King of Champa
- Reign: 1007-1018
- Coronation: 1007
- Predecessor: Yang Pu Ku Vijaya Sri
- Successor: unknown
- Born: Unknown
- Died: 1018 Nha Trang

Names
- Śrī Hrīvarmmadeva
- Religion: Mahayana Buddhism, Hinduism

= Harivarman III =

King of Champa

Harivarman III (Chinese: 施離霞離鼻麻底; pinyin: Shīlí Xiálíbímádǐ; Cham: Śrī Harivarmadeva, Vietnamese: Ha Lê Bạt Ma), was a king of Champa, ruled the kingdom from 1007 to 1018.
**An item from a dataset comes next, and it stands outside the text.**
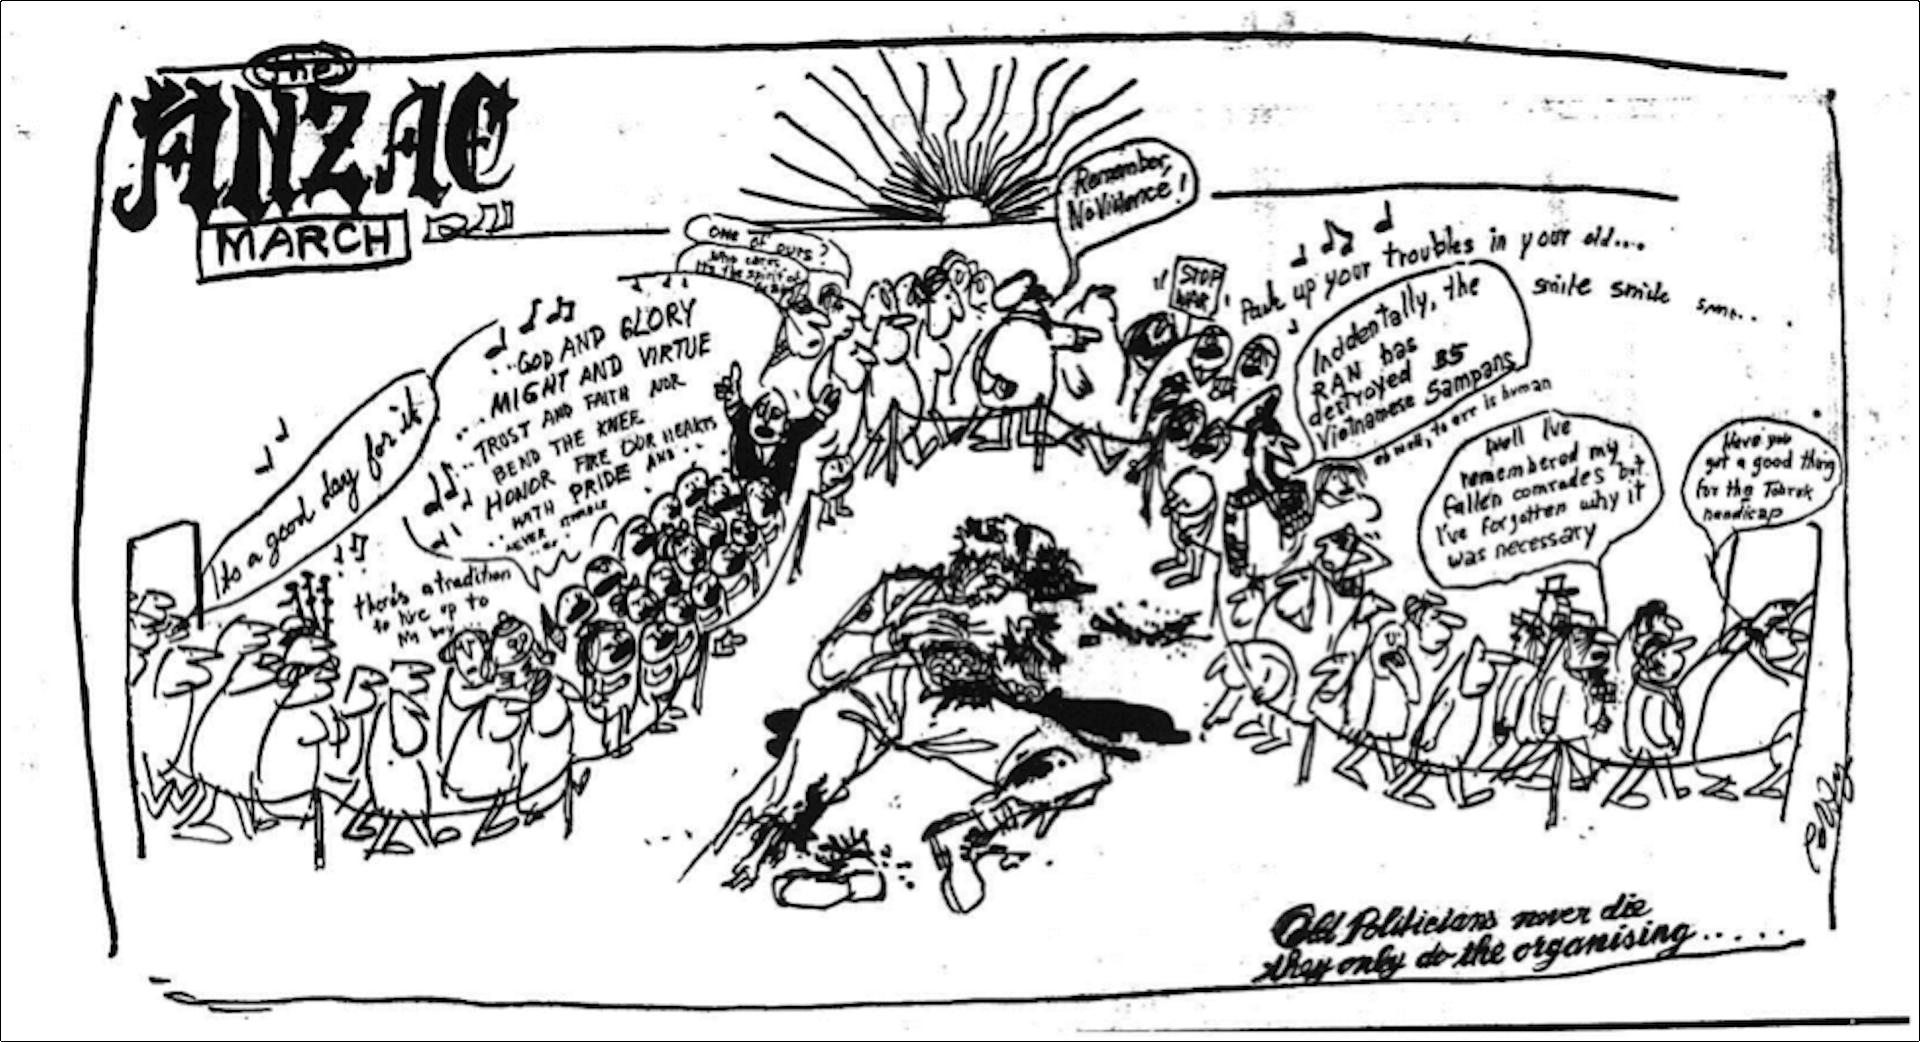 The Australian Helped Political Cartoonists Sharpen Their Edge

In 1008, a civil war between Harivarman III and general Pam̃r Rauṅ broke out in Champa. Pam̃r Rauṅ was suppressed. In 1010, he sent an embassy to Song China to seek investiture, and five years later he sent another embassy. During these envoys, the Cham brought Champa rice to China.
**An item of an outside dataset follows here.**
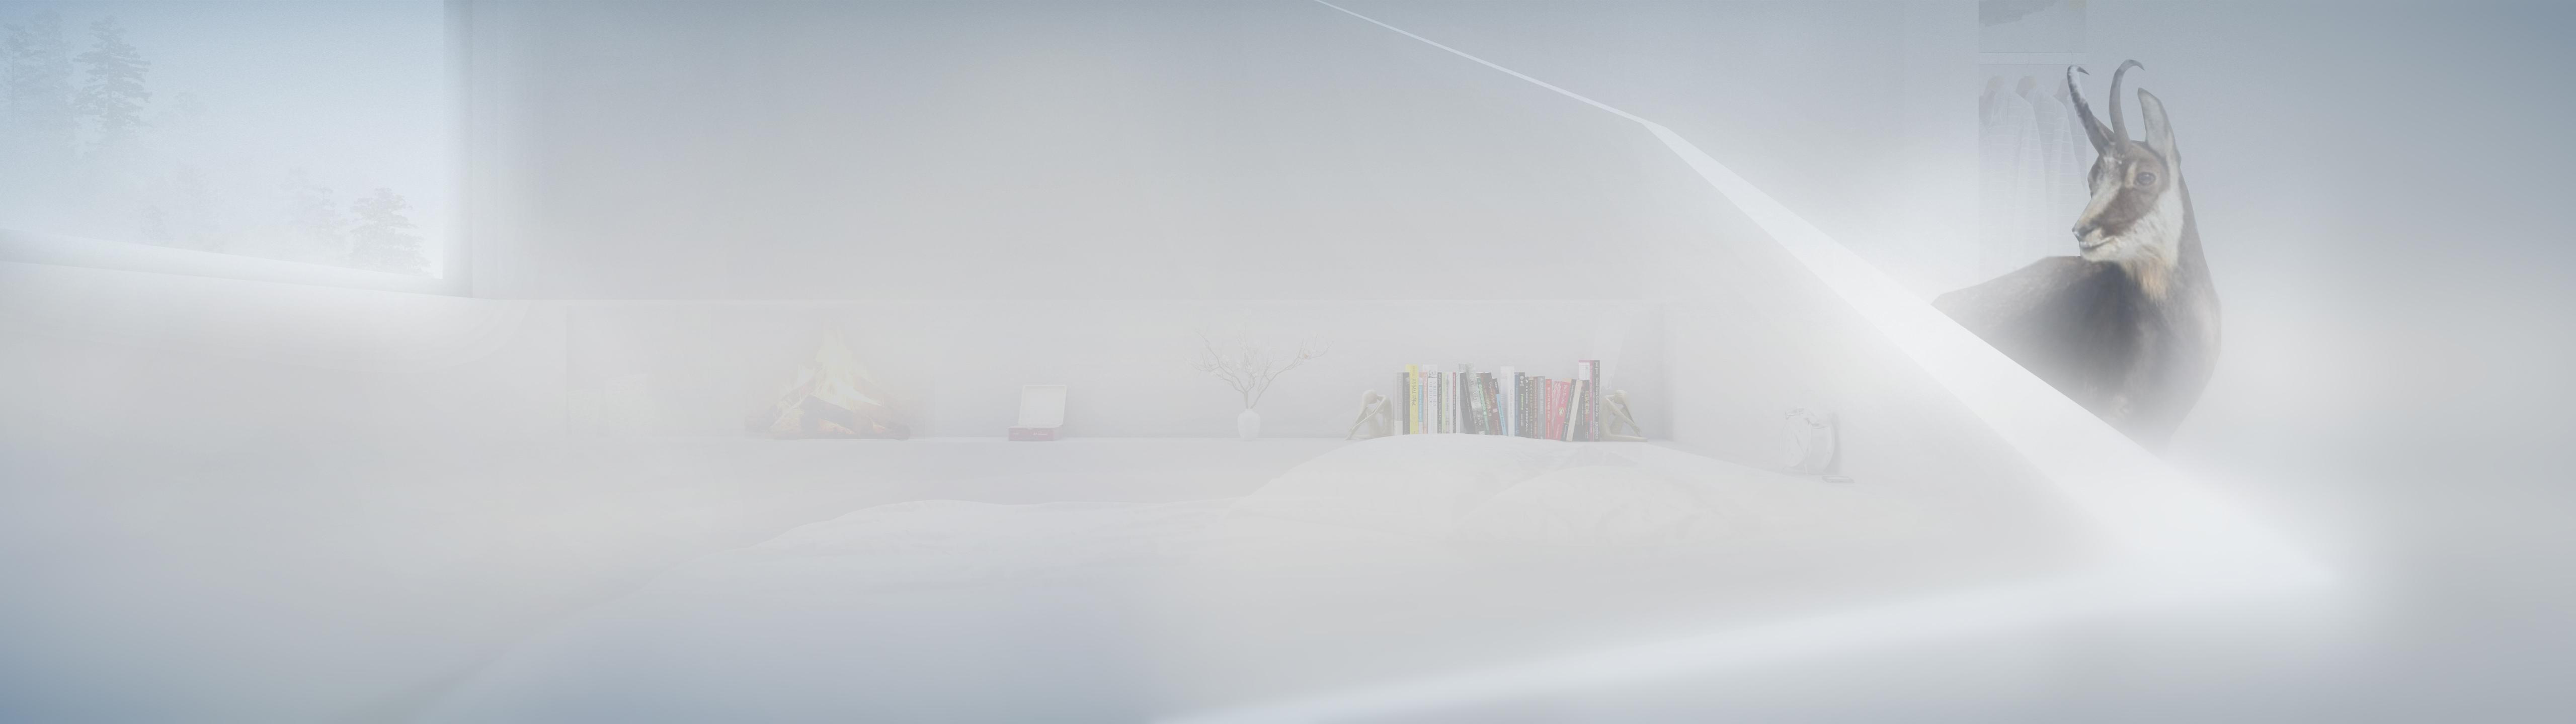 ice_bed_rendering_012

An inscription dated 1013 records:

"In [the year] of the Śaka king 935. This was the time when Y.P.K the victorious Śrī Harivarmadeva ruled the country of Campā from Rūlauy to the Far East; where Paṅrauṅ; where Paṅrauṅ (native) of Dauk Jā in the area (paliy) of Manicya was general there; where (the latter) was at Panrāṅ: where he restored (punaḥ) the capatī and gave (the image of) his highness the little [goddess]."
— Po Nagar inscription, Nha Trang

Harivarman III died in 1018 and was succeeded by an unknown ruler.

==Bibliography==
- Griffiths, Arlo (2009). "Études du corpus des inscriptions du Campa III, Épigraphie du Campa 2009-2010. Prospection sur le terrain, production d'estampages, supplément à l'inventaire"
- Maspero, Georges (2002). "The Champa Kingdom"
- Bulliet, Richard W. (2008). "The Earth and Its Peoples: A Global History, Brief Edition, Volume I: To 1550: A Global History"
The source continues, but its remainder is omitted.